How do you solve the system of equations #-12d - 7e = 48# and #5d + e = 3#?

There are two common ways you can do this:

• Substitution
• Elimination

SUBSTITUTION

You can solve for one variable and express it in terms of the other:

#-12d - 7e = 48#

#-12d = 48 + 7e#

#color(green)(d) = 48/(-12) + 7/(-12) e#

#= color(green)(-4 - 7/12 e)#

This is only a temporary expression, because we don't know #e# yet. Now, #d# can be used in the second equation to give:

#5d + e = 3#

#5(-4 - 7/12 e) + e = 3#

#-20 - 35/12 e + e = 3#

#-20 - 35/12 e + 12/12e = 3#

#-20 - 23/12 e = 3#

#-23/12 e = 23#

#cancel(12)/cancel(23)*-cancel(23)/cancel(12) e = cancel(23)*12/cancel(23)#

#=> color(blue)(e = -12)#

Therefore, we can plug this back into the easier equation to use (the second one) to get:

#5d + (-12) = 3#

#5d = 15#

#=> color(blue)(d = 3)#

ELIMINATION

The idea here is to take the two equations, add them together, and see what you can do to get rid of one variable early on. Usually, this is faster than substitution.

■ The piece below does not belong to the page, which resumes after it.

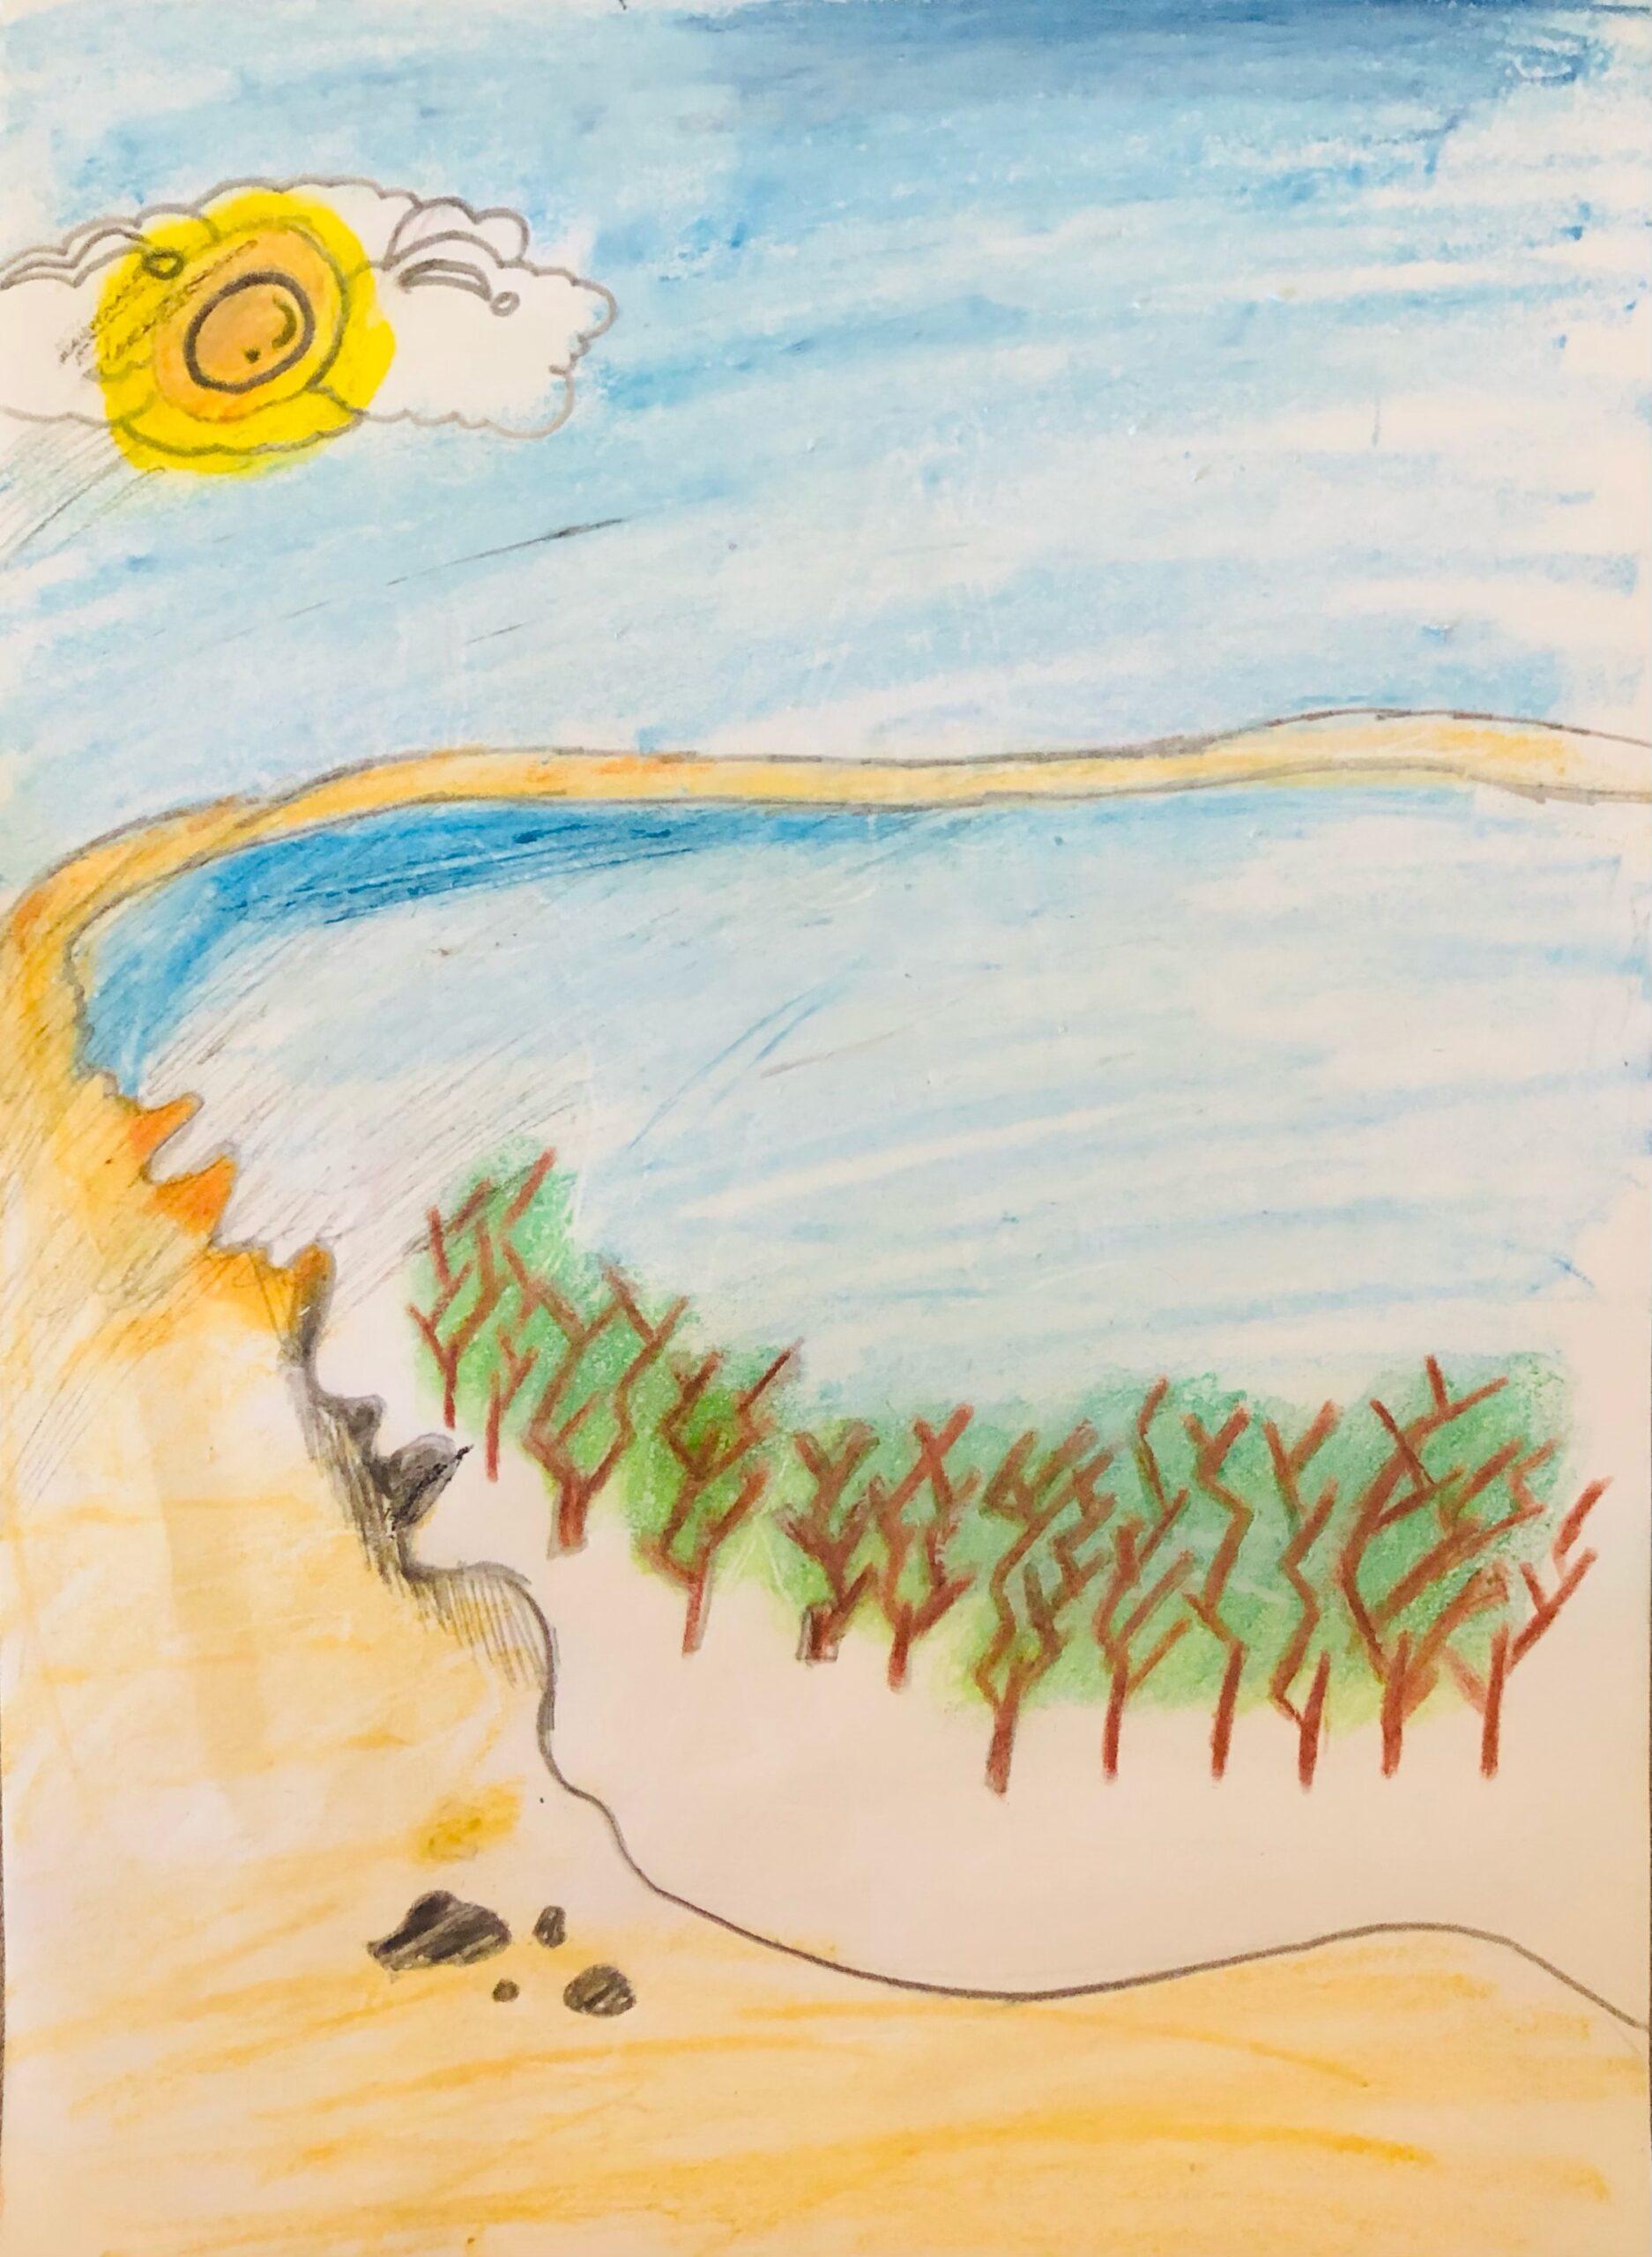 The Yas Island by Fathimathul Jaza

Try multiplying the second equation by #7#.

#-12d - 7e = 48#

#7(5d + e = 3)#

Notice how the #7e# will cancel out if we add these equations together:

#" "" "-12d - 7e = 48#

#+" "7*5d + 7*e = 7*3#

#"--------------------------------"#

#" "" "-12d - cancel(7e) = 48#

#+" "35d + cancel(7e) = 21#

#"--------------------------------"#

#" "23d" "" " = 69#

#=> d = 69/23 = (cancel(23)*3)/cancel(23)#

#=> color(blue)(d = 3)#

That allows us to solve for #e# by substitution:

#5d + e = 3#

#5(3) + e = 3#

#=> e = 3 - 5(3) = 3 - 15#

#=> color(blue)(e = -12)#

which should match the answer we got from just substitution (and it does!).